- Born: 20 November 1909 Vancouver, British Columbia, Canada
- Died: 13 February 2000 White Rock, British Columbia, Canada
- Occupations: Airline captain, author
- Employer: Trans-Canada Air Lines / Air Canada
- Known for: Fourth pilot hired by Trans-Canada Air Lines; author of Flight Deck (1980); Holder of the transatlantic crossing speed record three times
- Spouse: Rose Vivian Crispin (m. 1940)
- Children: 3

= George Bayliss Lothian =

Canadian aviator (1900–2000)

Captain George Bayliss Lothian (20 November 1909 – 13 February 2000) was a Canadian aviator and one of the earliest pilots hired by Trans-Canada Air Lines (TCA), later Air Canada. He helped pioneer commercial aviation in Canada, flying domestic and trans-Atlantic routes from the 1930s through the 1970s, and authored Flight Deck (1980), one of the first comprehensive accounts of Air Canada's history.

== Early life ==
George Bayliss Lothian was born in Vancouver, British Columbia, in 1900 to Edward Lothian and Helen May (Fremlin) Lothian. He was educated in Vancouver schools and began his flying career in 1929. Before joining TCA, he worked as an airport instructor with Canadian Airways.
== Aviation career ==
He was among the first four pilots hired by Trans-Canada Air Lines on 9 September 1937. During the war he ferried four-engined aircraft across the North Atlantic and by 1945 had completed more than one hundred ocean crossings. In 1944 he set an eastbound Montreal–Britain time mark of 10 hours 13 minutes in a converted Lancaster transport. Post-war he served as a senior captain on the Montreal–Prestwick route and later in operations leadership; a 1949 Globe and Mail feature profiled him as a veteran of 240 Atlantic flights.

He was the first Canadian pilot to log one hundred aircraft crossings of the North Atlantic and set the transatlantic crossing speed record three times. When he retired from Air Canada in 1968, he had logged over 21,000 hours as pilot-in-command of a wide range of piston and jet transport aircraft.

According to the Canadian Museum of Flight, Lothian once reluctantly provided flight instruction in the Vickers Viscount turboprop airliner to Howard Hughes, later recalling that he did not appreciate either the aviator's personal hygiene or his attitude.

In 1960, Lothian appeared in a British Pathé newsreel documenting the delivery of the first Vickers Vanguard aircraft to Trans-Canada Air Lines at Wisley Airfield, Surrey. The footage shows Captain Lothian, TCA Superintendent of Flying, with Vickers-Armstrongs test pilot Captain R. Rymer inspecting the aircraft before its delivery flight.

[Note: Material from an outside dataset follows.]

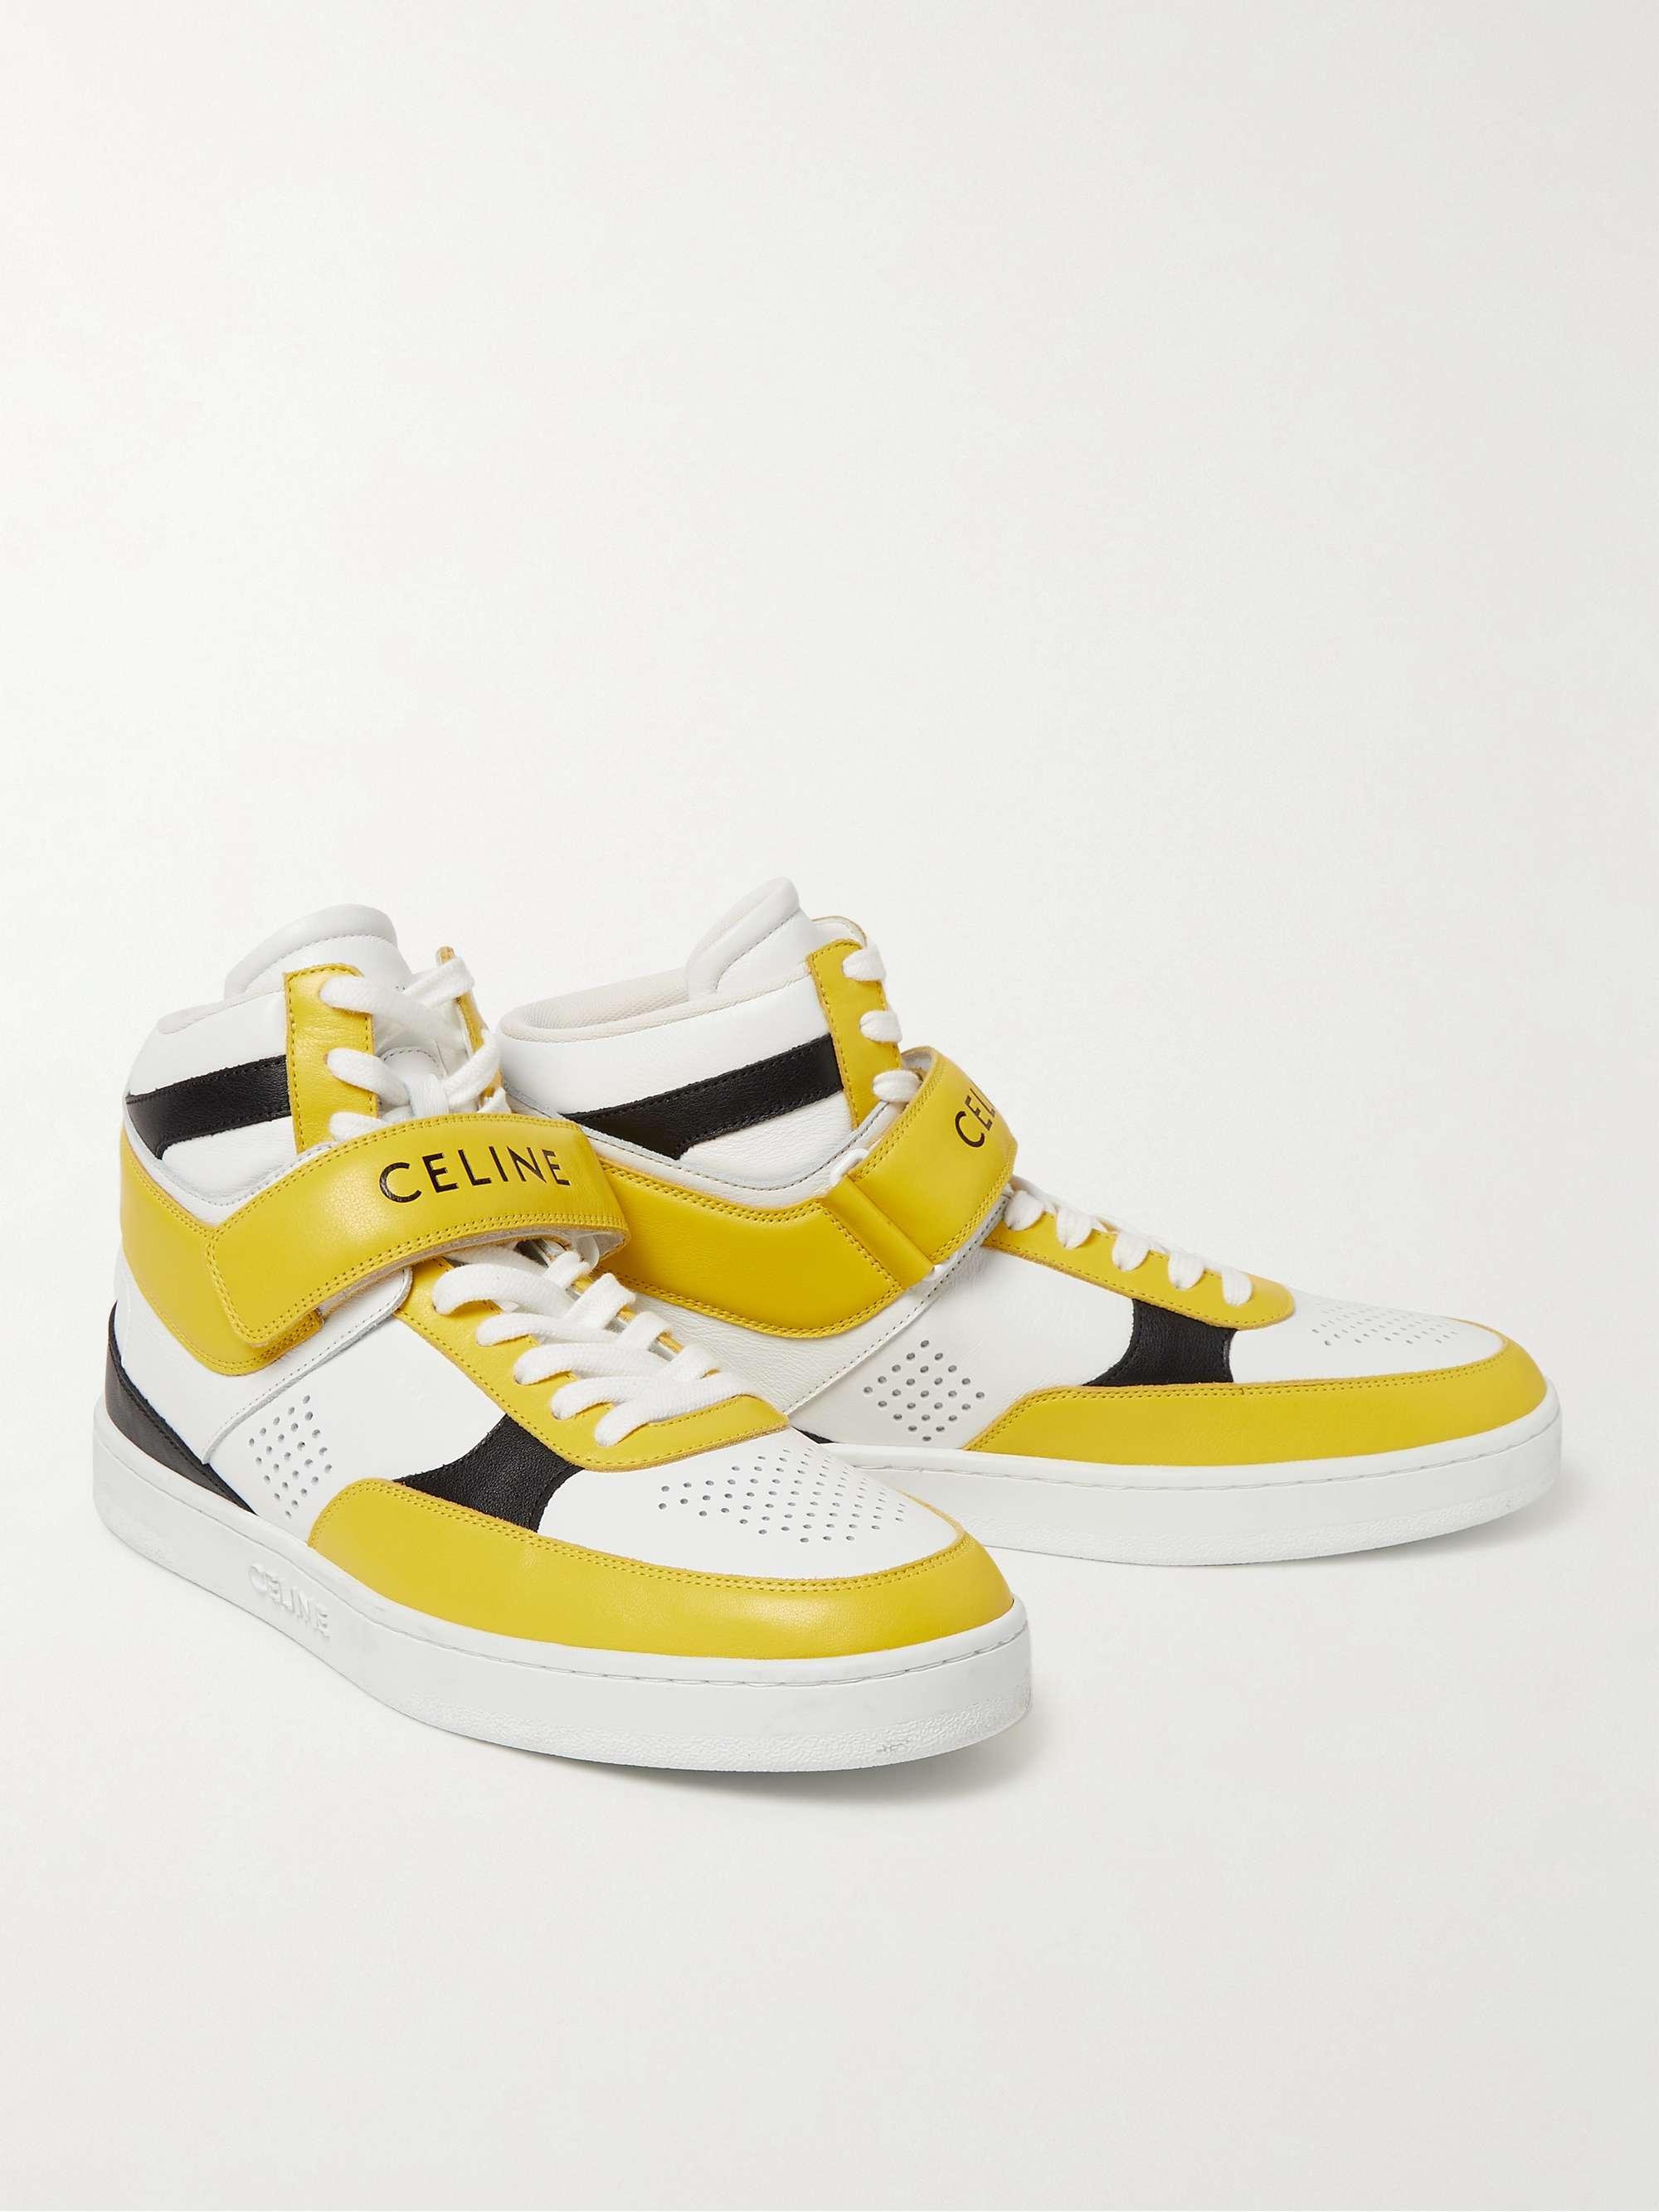 CELINE HOMME Ct-03 Leather High-Top Sneakers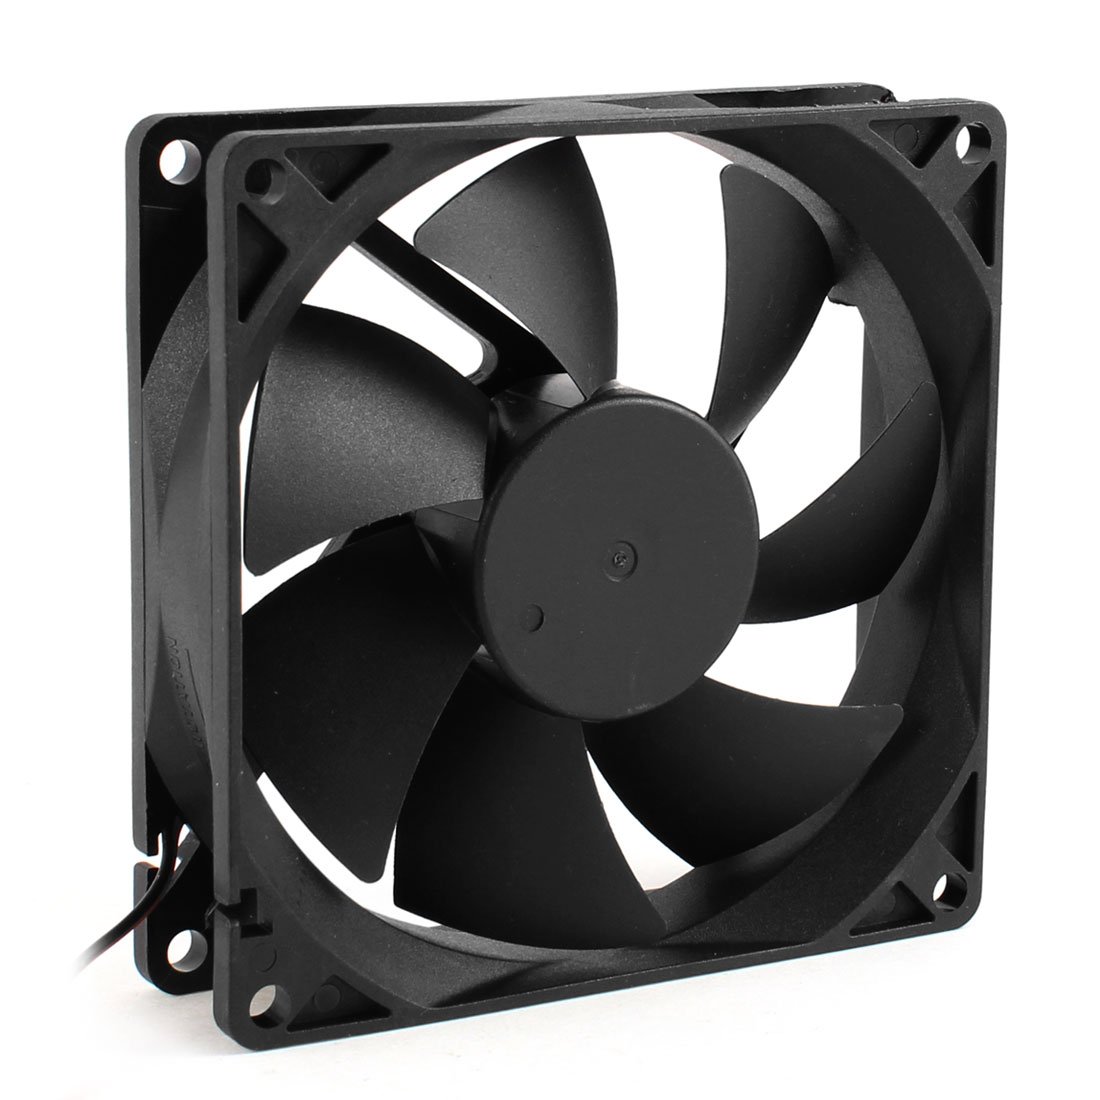 PROMOTION! Hot 92mm x 25mm 24V 2Pin Sleeve Bearing Cooling Fan for PC Case CPU Cooler

Lothian was awarded the Yukon Territory Order of Polaris and was inducted into the Canadian Aviation Hall of Fame in 1973.

== Personal life ==
Lothian married Rose Vivian Crispin on 10 October 1940 in New Westminster, British Columbia. Rose was one of Canada's early airline stewardesses. They had three children, Marilyn "Pixie" Blakeburn, Heather Chetwynd, and Bruce Lothian.

He was known for his meticulous approach to flight discipline and his mentorship of younger pilots. His Canada's Aviation Hall of Fame inscription reads: "His inspired leadership in ocean flying despite adversity, the sharing of his exceptional aviation skills with others willing to learn, his unswerving demand for perfection in all who served under his command, bred a most superior grade of airman."

== Later life and death ==
Lothian retired to White Rock, British Columbia after more than 40 years in aviation. He died at Peace Arch Hospital on 13 February 2000. A service was held on 17 February 2000 at Chapel Hill Funeral Home in White Rock, followed by cremation.

== Legacy ==
Lothian's career appears in numerous Canadian newspapers, company bulletins, and Air Canada publications. His book Flight Deck (1980) remains a primary source for early TCA and Air Canada history.